Director: Park Chan-Wook

SOUTH KOREA • 2005• SUBTITLED• COLOUR• DOLBY DIGITAL STEREO• 115 MIN


FROM KOREAN HOTSHOT PARK CHAN-WOOK, WHO MADE HIS INTERNATIONAL BREAKTHROUGH LAST YEAR WITH THE DAZZLING REVENGE FANTASIA OLD BOY, COMES THIS EQUALLY GRIPPING STORY OF A WOMAN WRONGED — AND THE PRICE SHE PAYS FOR GETTING HER OWN BACK.

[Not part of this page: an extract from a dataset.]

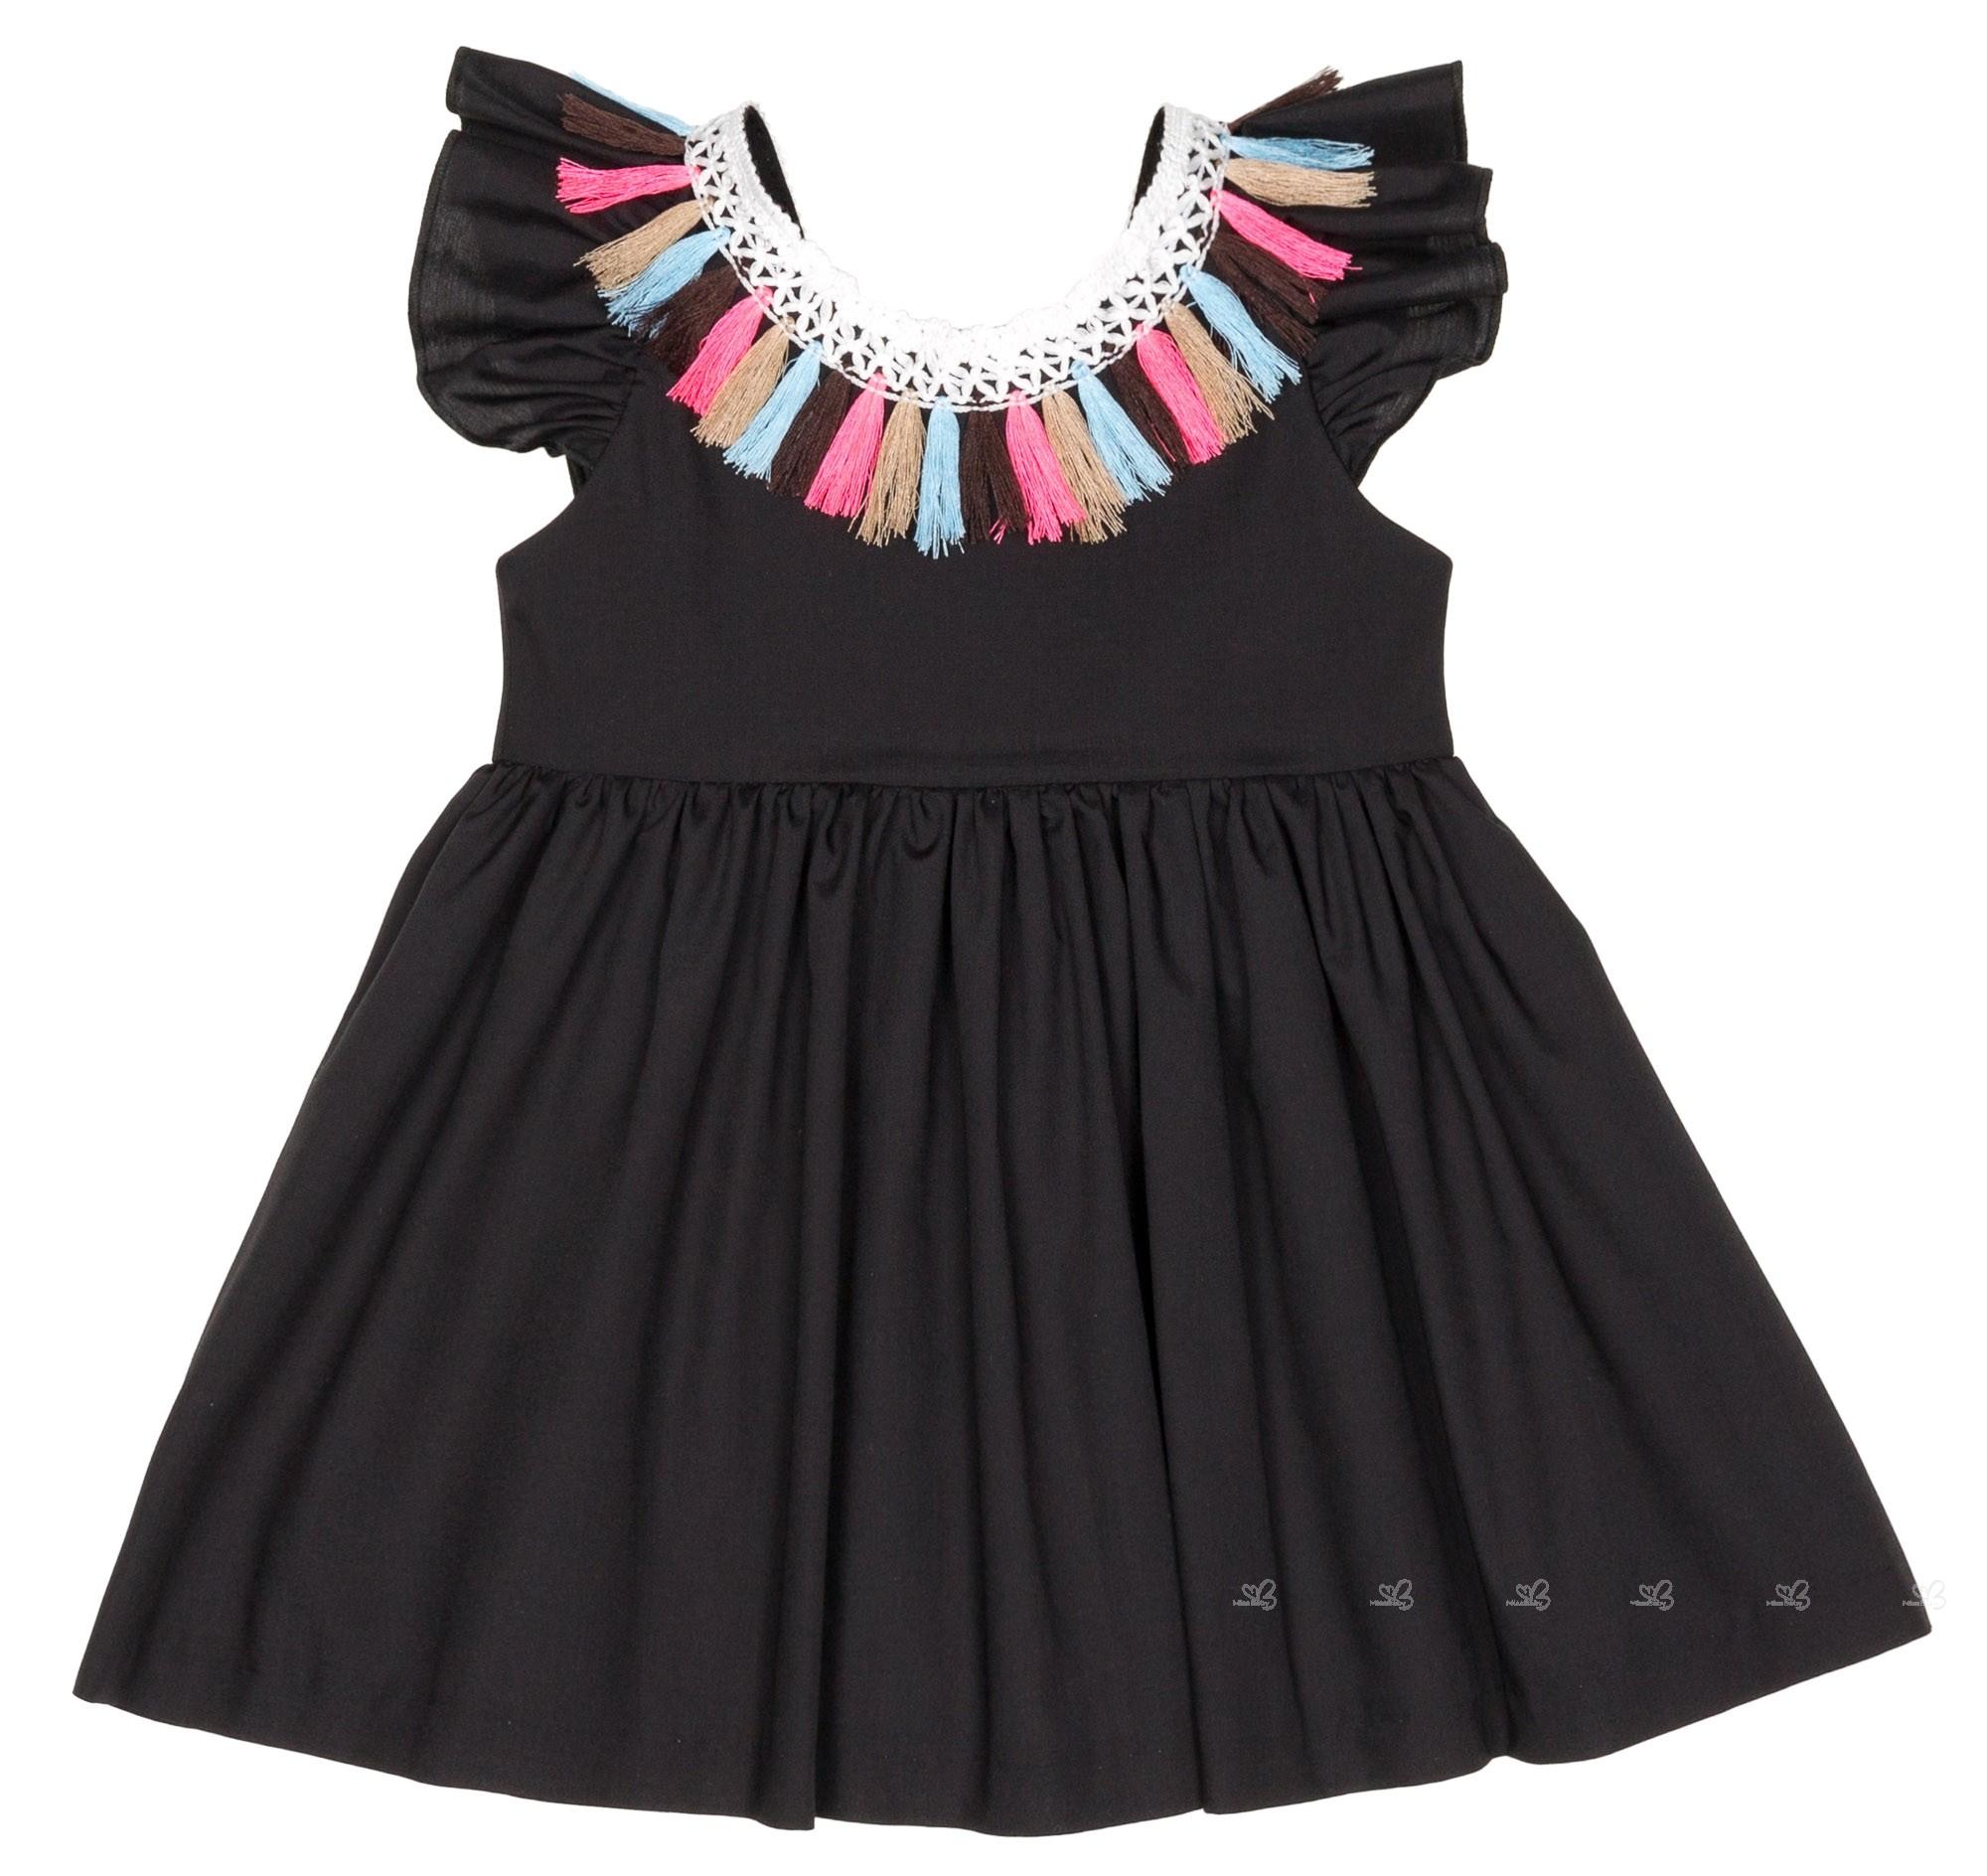 Vestido Niña Volantitos Cuello Crochet Flecos Negro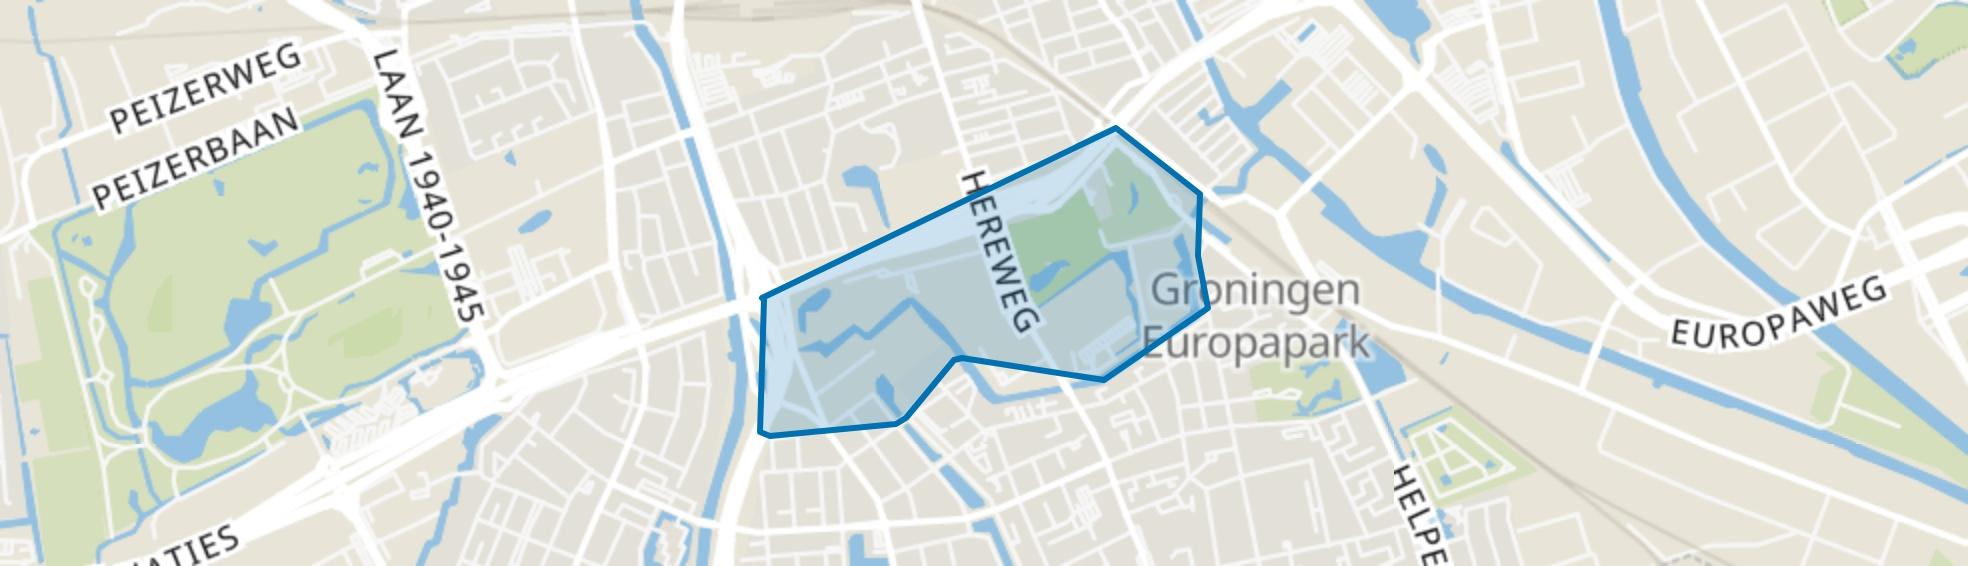 Sterrebosbuurt, Groningen map

Angelic-faced Lee Young-ae is the utterly steely heroine who has just spent years in prison for the horrifying crime of suffocating a young boy. Although not responsible for the actual killing, she’s not entirely without guilt in the whole dreadful misadventure. Prime responsibility rests with a certain individual Lee is now planning to track down and confront. Park’s wildly inventive visual style and sheer storytelling confidence is firmly in evidence as flashbacks to the friendships forged behind bars are intercut with the progress of Lee’s plan of action. Following some playful stuff in the early stages, the film gets a whole lot tougher as the jaw-dropping ramifications of exactly what Lee has in mind come into view.
In many ways, this latest offering is a fusion between the bravura of Old Boy (whose put-upon leading man Choi Minsik returns here in a radically different role) and the compressed fury of its stunning predecessor, Sympathy for Mr Vengeance. In fact, the three titles form a loose trilogy in which the problem of fathomless evil seems just as intractable as the dehumanising cost of revenge. Here we’re rooting for ‘kind-hearted Miss Geum-ja’ after the injustices heaped upon her, but is she really only trying to remove the permanent stain of her own guilt? Fiendish mayhem meets serious moral inquiry in a visceral yet haunting fable for our times.